Его односельчане в ответ на эти слова понимающе улыбнулись и от души пожелали ему всего самого хорошего. А за ним произнёс свои слова добродушный "распутник" Гришка Берёзкин, обнимающий в эту минуту полную корзину:
- Эх, и не будут люди на свете совсем одинокие, живя с одной коровой.
- Сам виноват, - усмехнулся Лёнька, - не женился в своё время, вот и живи теперь со своей Милкой.
Все добродушно усмехнулись, а Гришка в ответ на язву Лёньки натянул тому на глаза кепку.
И вот, наконец, Муля решил добавить несколько добрых слов к всеобщей речи, сказав с грустью:
- Жаль, нету сейчас со мной моей Сары. А ведь так хотелось бы, чтобы она сию минуту здесь была. Не дал нам Бог с нею деток, так хоть посмотрела бы, какие чужие красивые и прекрасные родились да жизнь собою радуют. Полюбовалась бы со всеми всласть, да не лежала бы в могиле.
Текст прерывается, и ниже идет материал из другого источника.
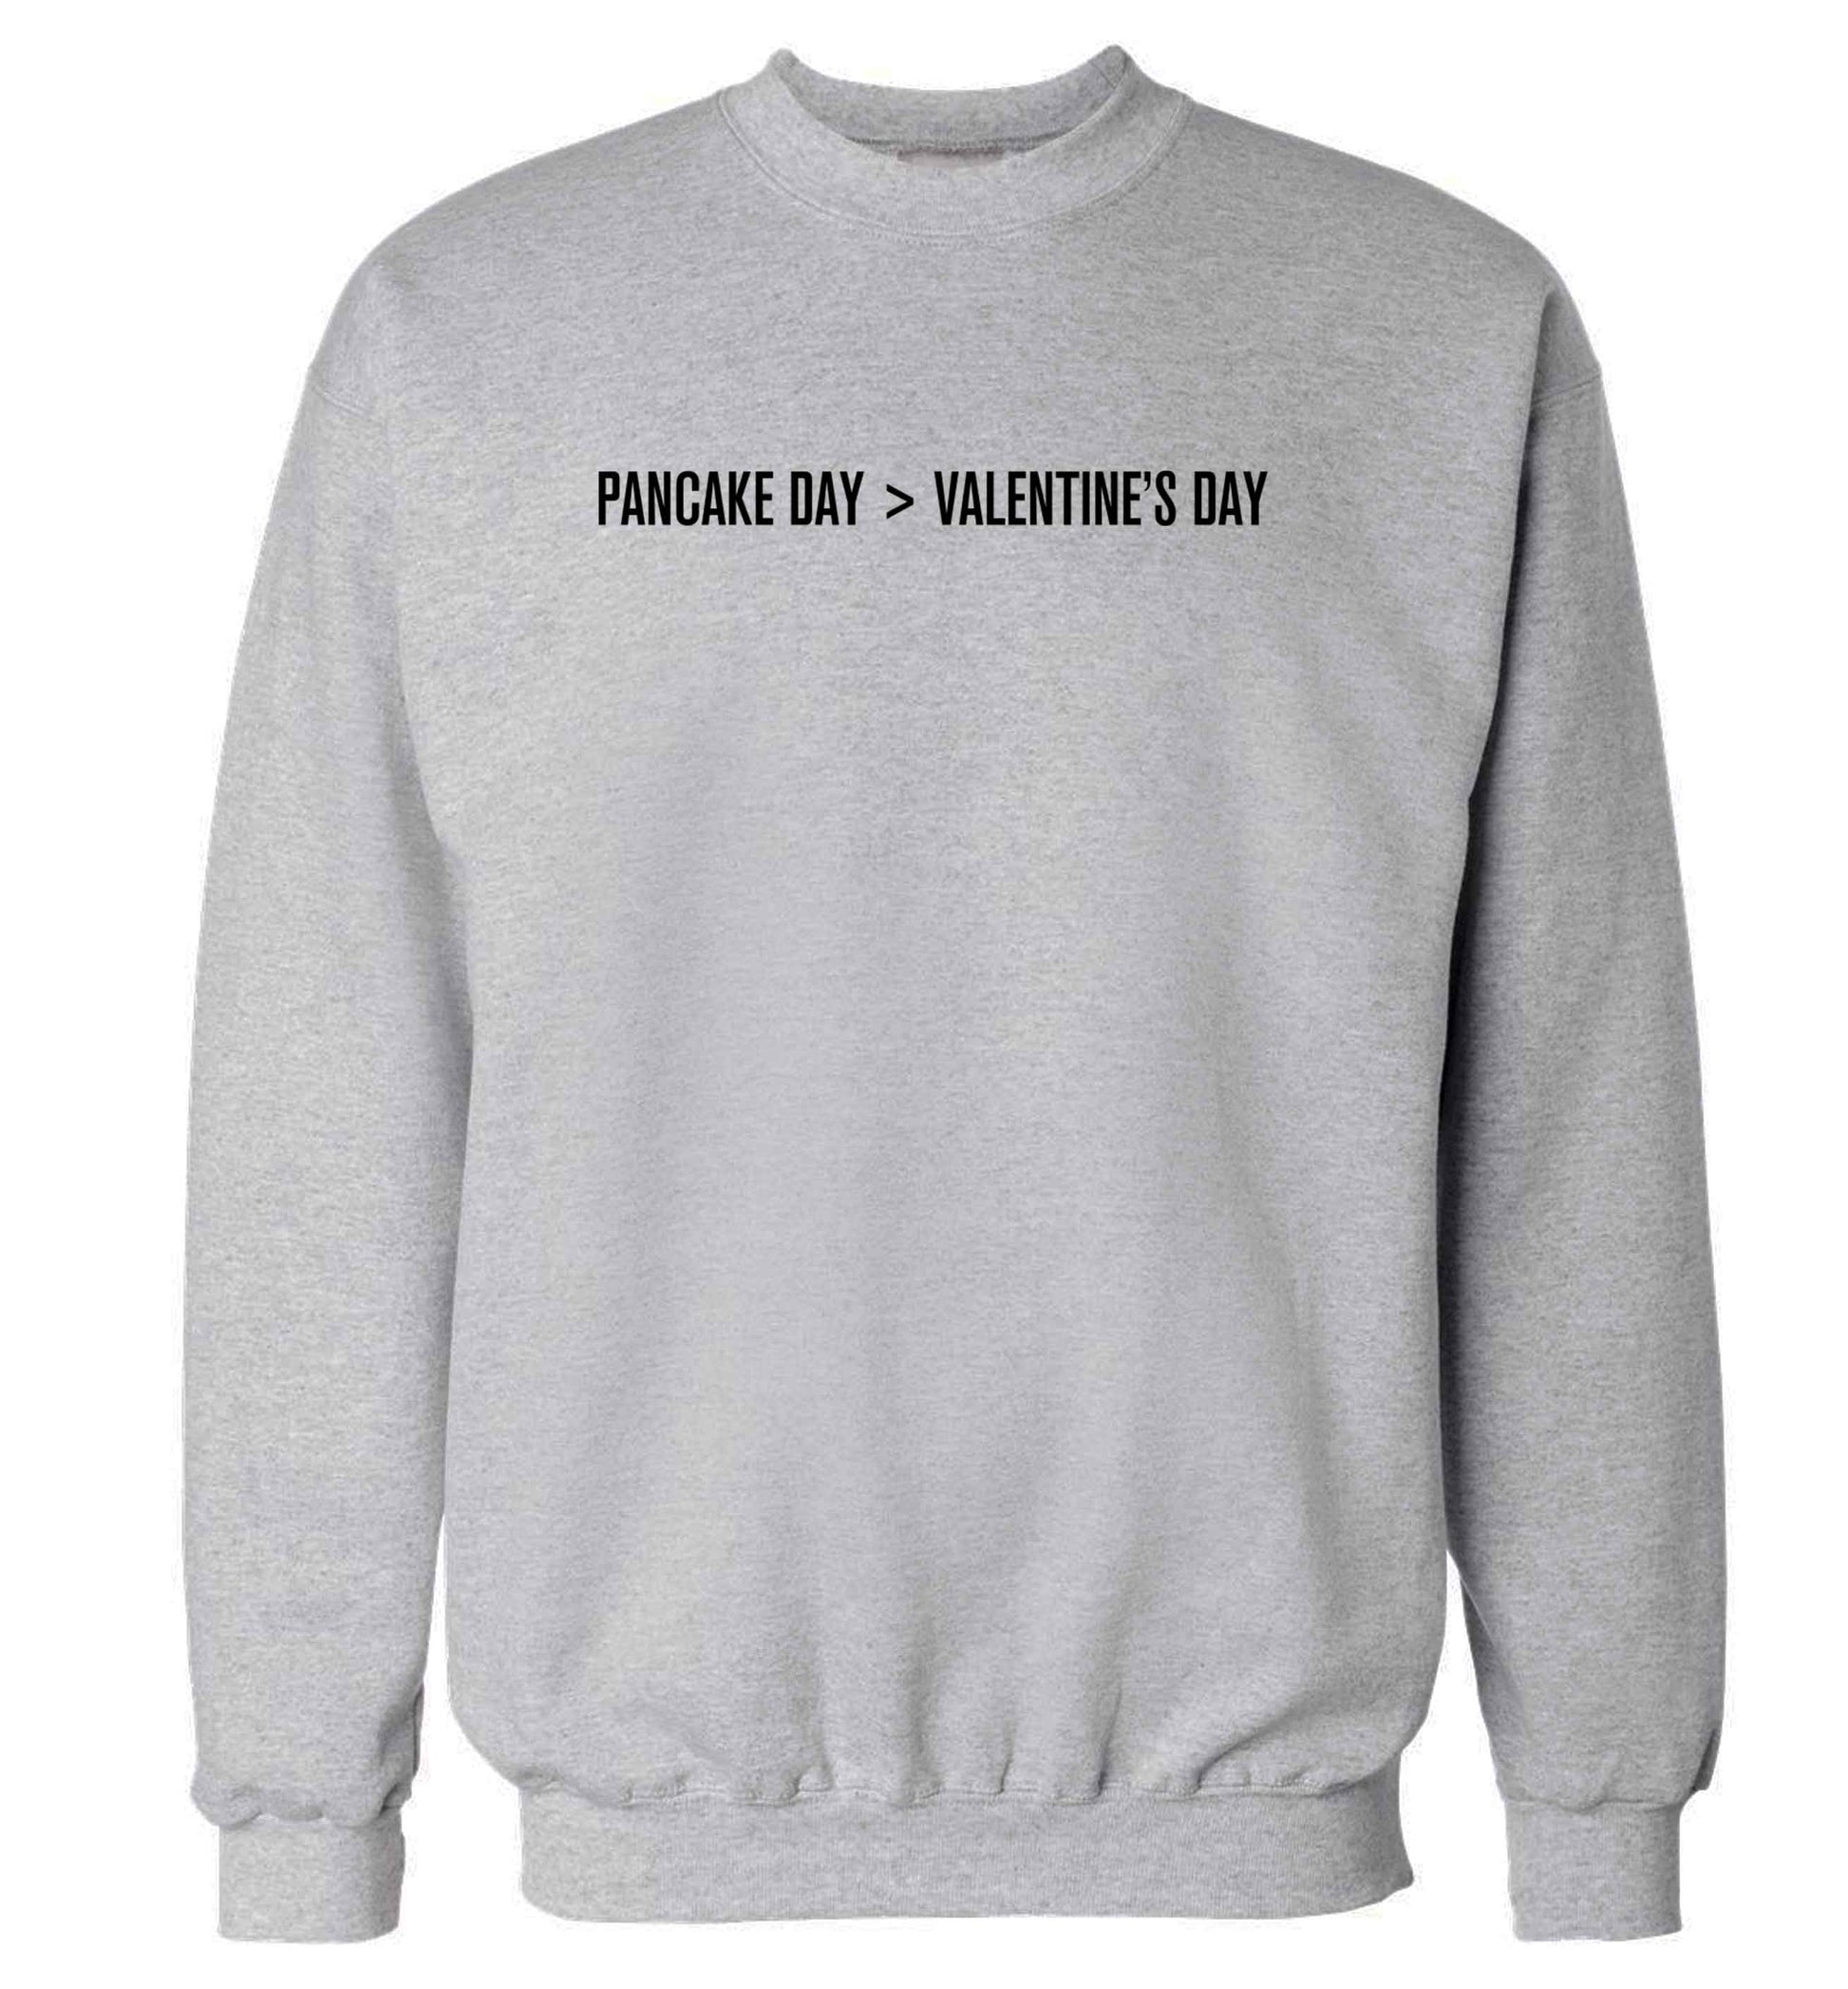 Pancake day > valentines day adult's unisex grey sweater 2XL

Вот вы молодцы, что о Торе всей душою думаете, что не бросаете её на произвол судьбы, что всем сердцем любите, родимую! А как же её не любить-то, правда? Ведь она - наша мамочка единая, которая всем мамочкам мамочка! Где ж ещё найдёшь такую, светлую и красивую, которая тебя никогда не бросит и накормит да приласкает в трудную минуту? Мамочки разные на свете бывают, а Тора одна с единым характером и единой любовью ко всем своим деткам. Любите Тору всем сердцем, всей душой любите! Никогда не давайте её в обиду! Любите так, как она вас любит, и с этой светлой любовью будете самыми счастливыми!
Муля вдруг замолчал и заплакал, закрыв лицо руками. И его тут же начали успокаивать кто как: кто - нежно обнимая и целуя, как это делали девочки и Светлана Семёновна; а кто - по-мужски пожимая руки и плечи, как это делали мальчики и мужчины. И при этом приговаривали:
- Ну не плачьте, дядя Муля, не плачьте, пожалуйста! Ну что ж вы, Муля, так сегодня раскисли: то на грибочек наступите да заплачете от жалости, то о самом прекрасном подумаете - и тоже расплачетесь; ну нельзя же так, милый, нельзя! Ну брось, Муля, брось, ну в самом деле, не мужское это дело - лить слёзы, не мужское!.. Ты уж, брат, гляди поосторожней со слезами, а то, не равён час, болото из берегов выйдет. Вот было б сто грамм, я б тебя успокоил, Муля. А так как не имею сего зелья в запасе, так просто тебе говорю: брось пить слёзы, а то может случиться так - захлебнёшься ненароком!..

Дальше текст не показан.